SageMaker HyperPod Resiliency Overview

SageMaker HyperPod is built for resilient training with comprehensive health monitoring and automatic recovery capabilities. This section provides an overview of the resiliency features that apply to both HyperPod EKS and HyperPod Slurm orchestrators.

Health Monitoring Agent

SageMaker HyperPod health-monitoring agent (HMA) continuously monitors the health status of each GPU-based or Trainium-based instance. When it detects any instance or GPU failures, the agent marks the instance as unhealthy.

The SageMaker HyperPod HMA performs the same health checks for both EKS and Slurm orchestrators, providing consistent monitoring across different orchestration platforms.

Health Checks Performed by HMA

The SageMaker HyperPod health-monitoring agent performs comprehensive health checks across different hardware components:

NVIDIA GPUs

DCGM policy violation notifications: Monitors all GPU-related policies from NVIDIA DCGM
NVIDIA SMI errors: Parses output from nvidia-smi to determine GPU health
XID errors: Monitors kernel logs for XID messages indicating hardware malfunctions
GPU Count validation: Verifies expected GPU count matches actual count (e.g., 8 GPUs in ml.p5.48xlarge). Reboots node if mismatch detected
Various EC2 platform log errors: Monitors Amazon EC2 generated logs for issues

AWS Trainium

Neuron monitor errors: Checks output from AWS Neuron monitor for issues
Neuron node problem detector: Uses outputs from the Neuron node problem detector for comprehensive health assessment
Neuron Device Count validation: Verifies actual neuron device count matches expected count for instance type. Reboots node if mismatch detected
EC2 platform log monitoring: Monitors Amazon EC2 generated logs for Trainium-specific issues

Health Monitoring Agent Logs

The SageMaker HyperPod health-monitoring agent runs continuously on all HyperPod clusters and publishes detected health events to CloudWatch under the cluster log group /aws/sagemaker/Clusters/.

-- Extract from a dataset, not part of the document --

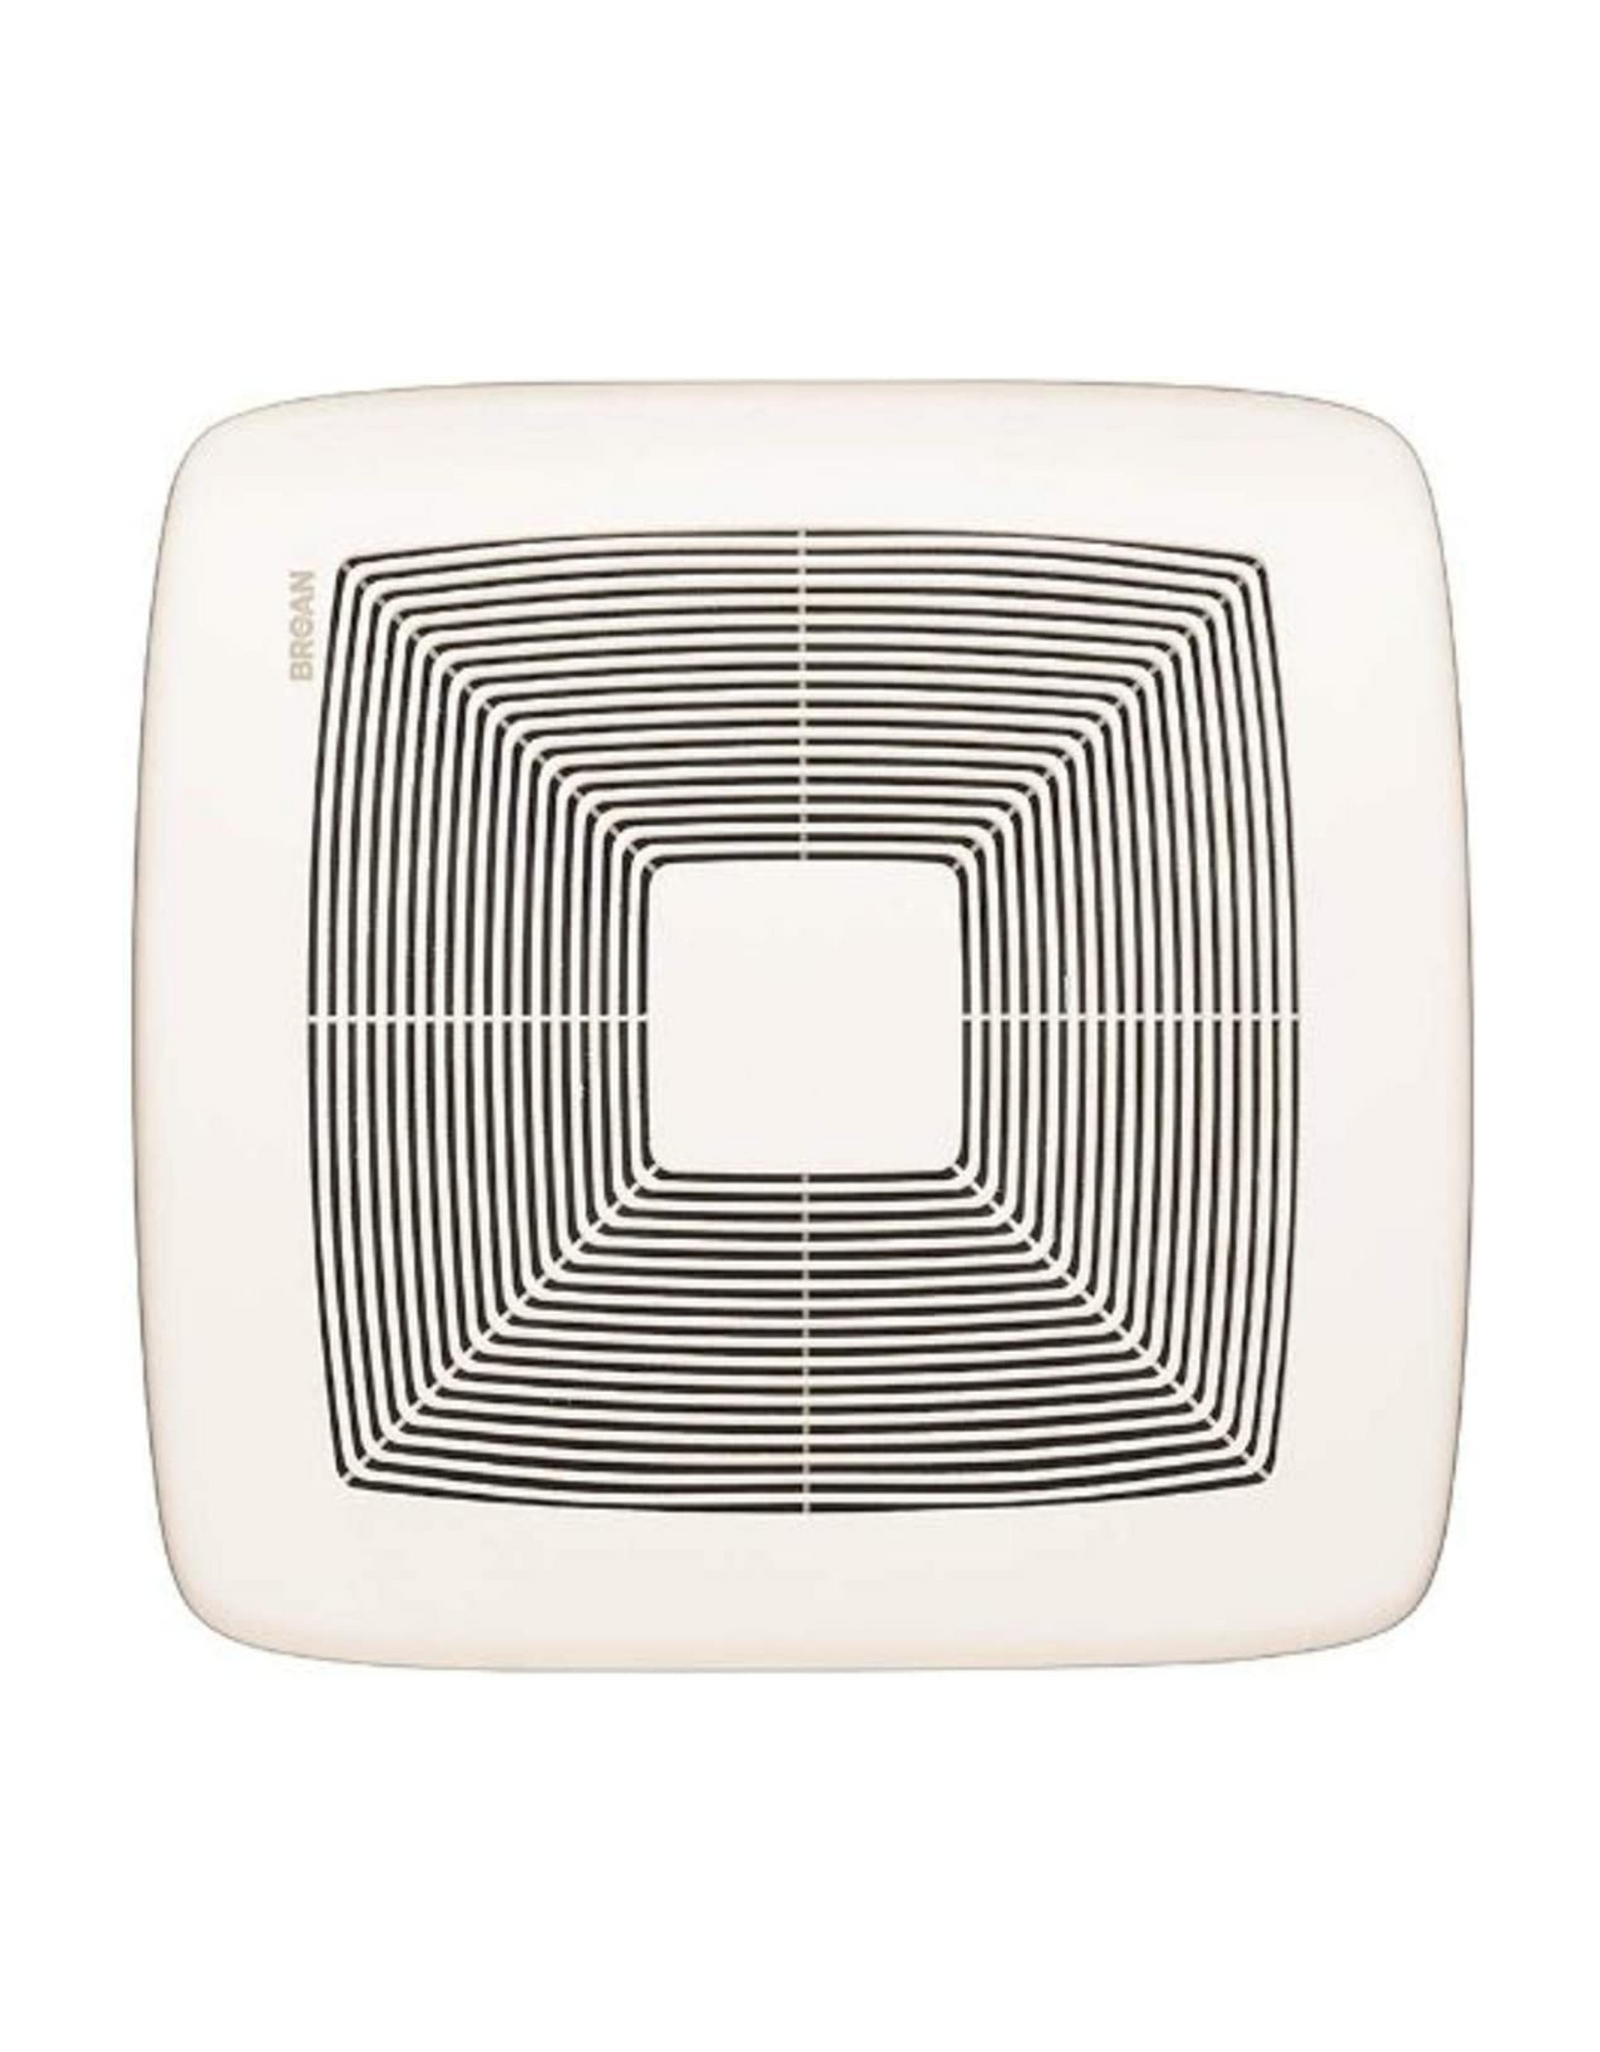 Broan-Nutone QTXE150 Ultra-Silent Ventilation Fan, 150 CFM, 1.4 Sones, White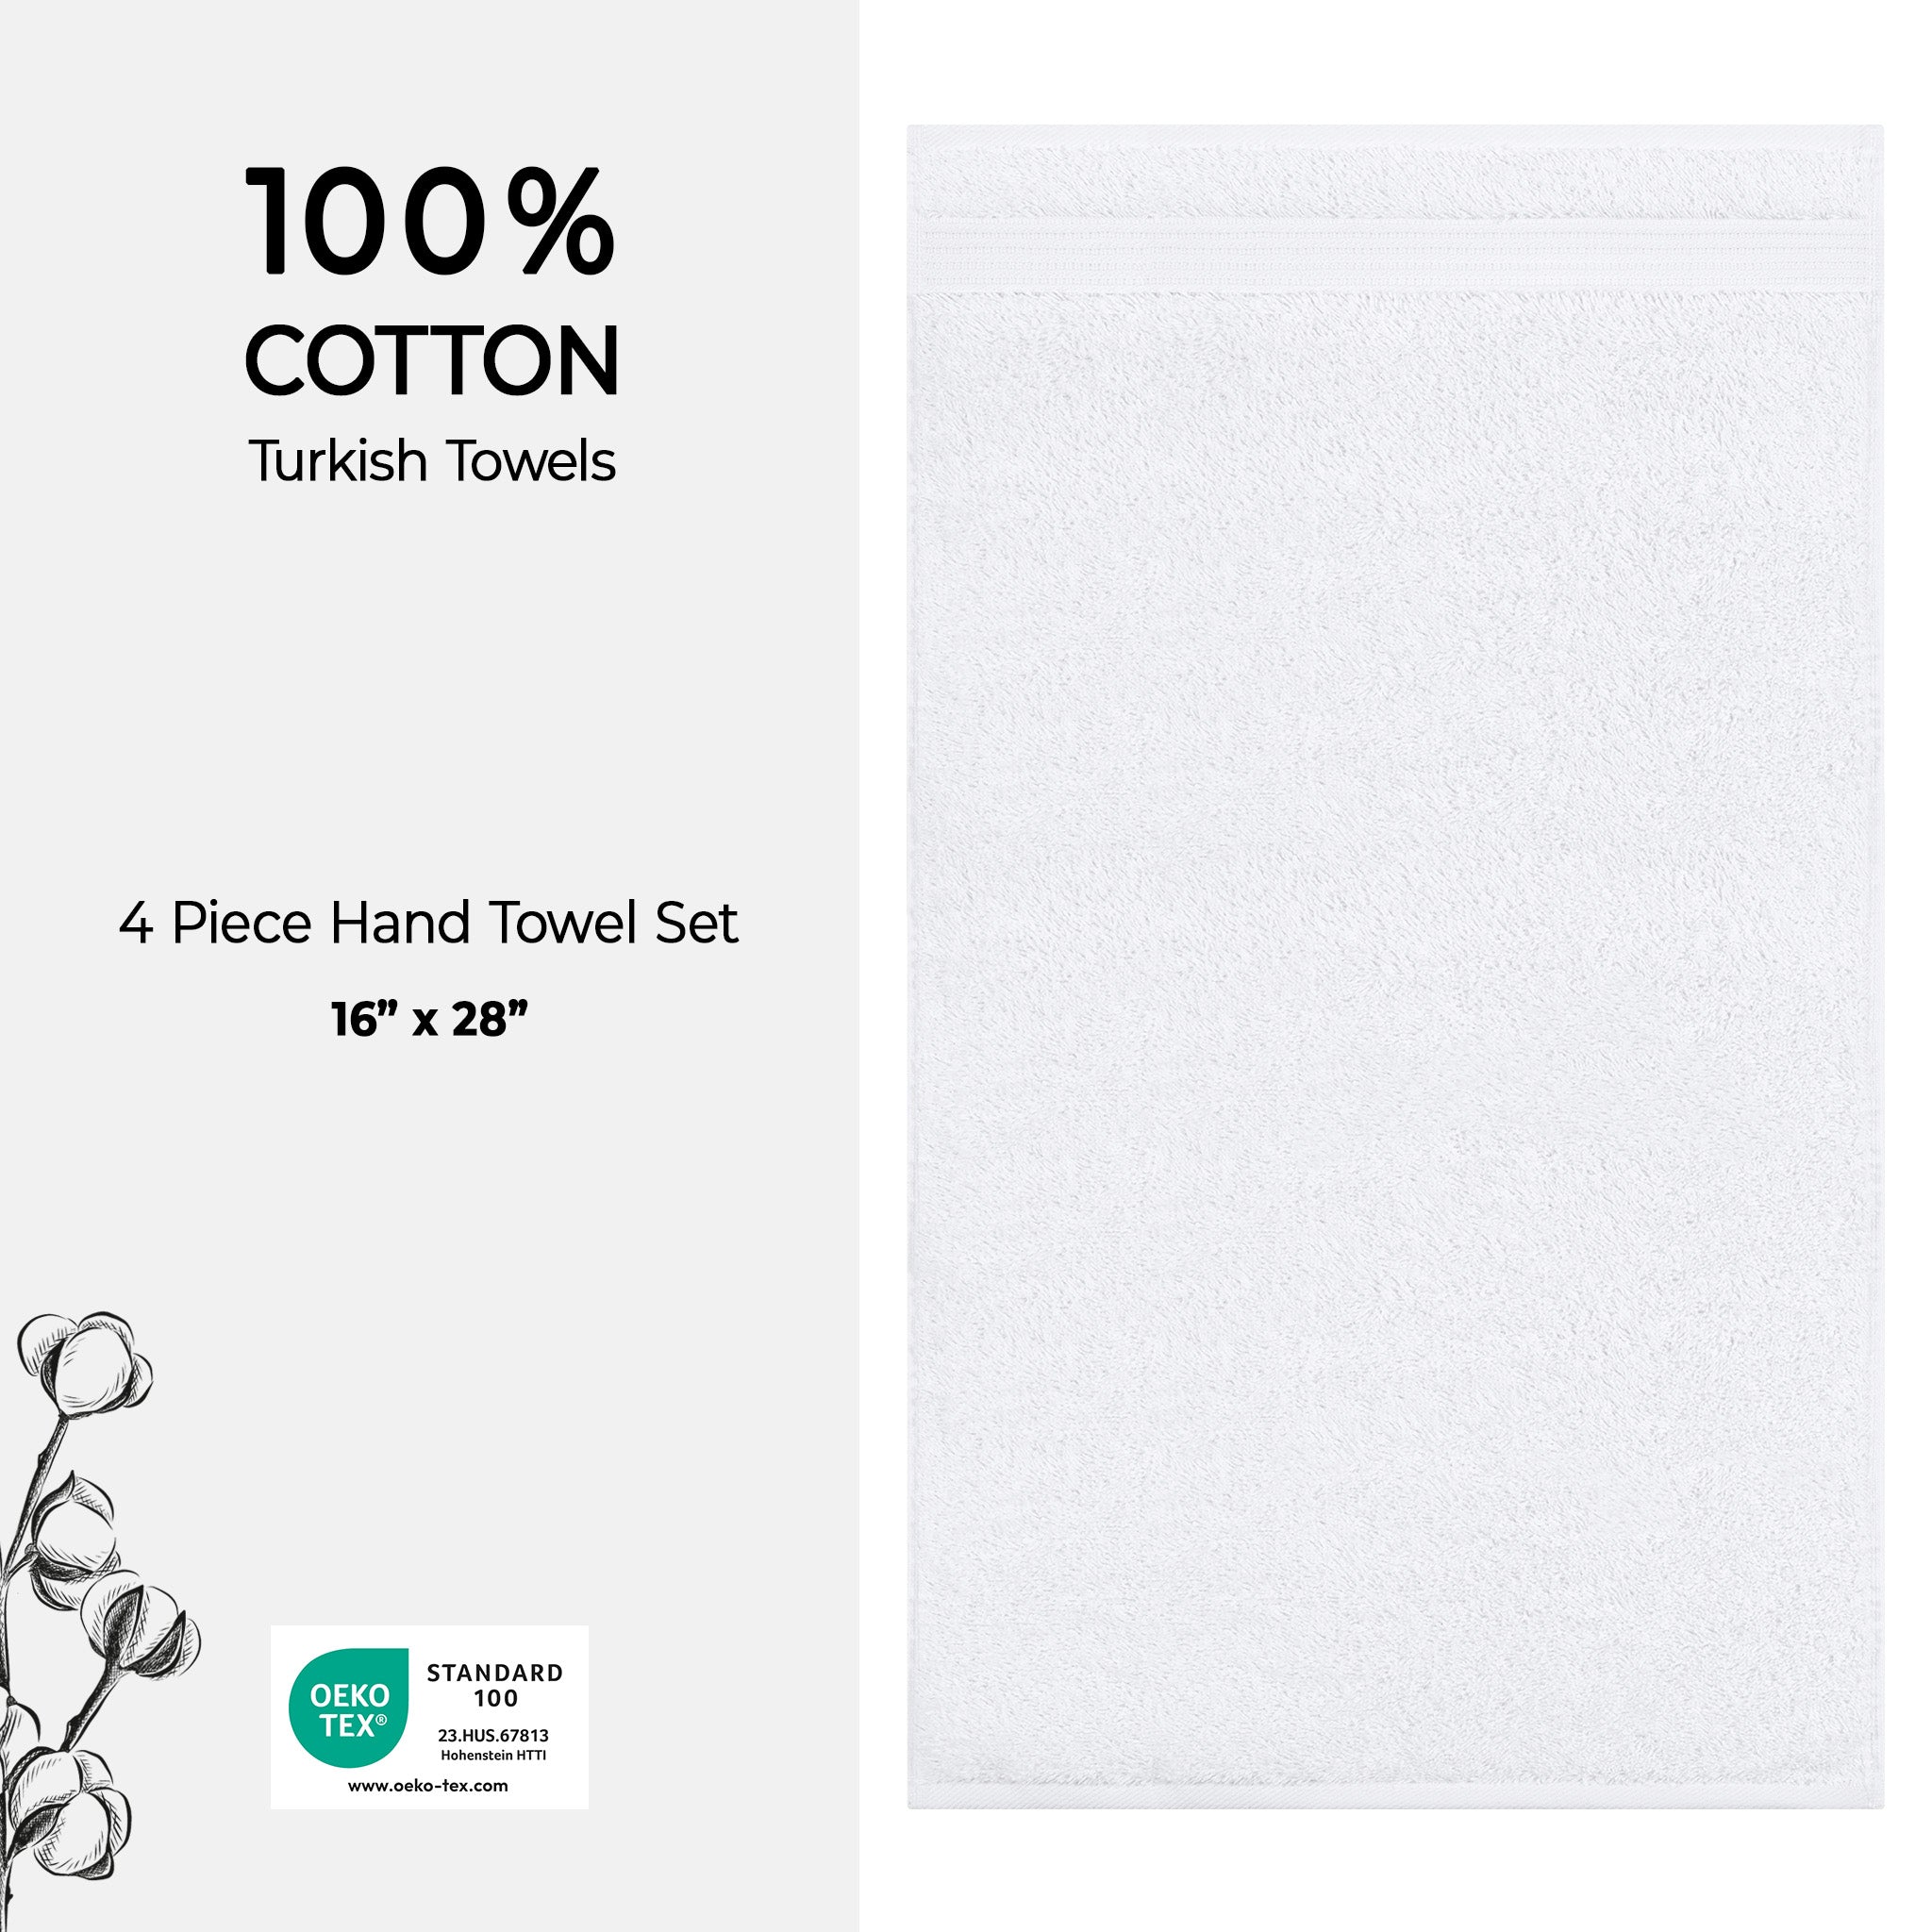 American Soft Linen Bekos 100% Cotton Turkish Towels, 4 Piece Hand Towel Set -white-04

Detection logs are created as separate log streams named SagemakerHealthMonitoringAgent for each node. You can query these logs using CloudWatch Log Insights:

fields @timestamp, @message 
| filter @message like /HealthMonitoringAgentDetectionEvent/

Example output:

{
  "level": "info",
  "ts": "2024-08-21T18:35:35Z",
  "msg": "NPD caught event: %v",
  "details": {
    "severity": "warn",
    "timestamp": "2024-08-22T20:59:29Z",
    "reason": "XidHardwareFailure",
    "message": "Node condition NvidiaErrorReboot is now: True, reason: XidHardwareFailure, message: \"NVRM: Xid (PCI:0000:b9:00): 71, pid=<unknown>, name=<unknown>, NVLink: fatal error detected on link 6\""
  },
  "HealthMonitoringAgentDetectionEvent": "HealthEvent"
}

Basic Health Checks

SageMaker HyperPod performs orchestrator-agnostic basic health checks during cluster creation and updates. These checks monitor:

Health Check	Instance Type	Description
DCGM policies	NVIDIA GPUs	Continuous monitoring of GPU-related policies from NVIDIA DCGM
NVIDIA SMI	NVIDIA GPUs	Parsing nvidia-smi output to determine GPU health
XID	NVIDIA GPUs	Monitoring kernel logs for XID messages indicating hardware malfunctions
Neuron sysfs	Trainium/Inferentia	Reading counters from Neuron sysfs propagated by the Neuron driver
EFA	All	Connectivity tests using all available EFA cards within the instance
DCGM Diagnostic	NVIDIA GPUs	DCGM diagnostics level 2 to exercise GPUs under pressure
CPU stress	All	Linux stress tool running multiple threads for 100% CPU utilization and I/O operations

Deep Health Checks

SageMaker HyperPod performs deep health checks during cluster creation and updates to ensure reliability and stability by thoroughly testing underlying hardware and infrastructure components.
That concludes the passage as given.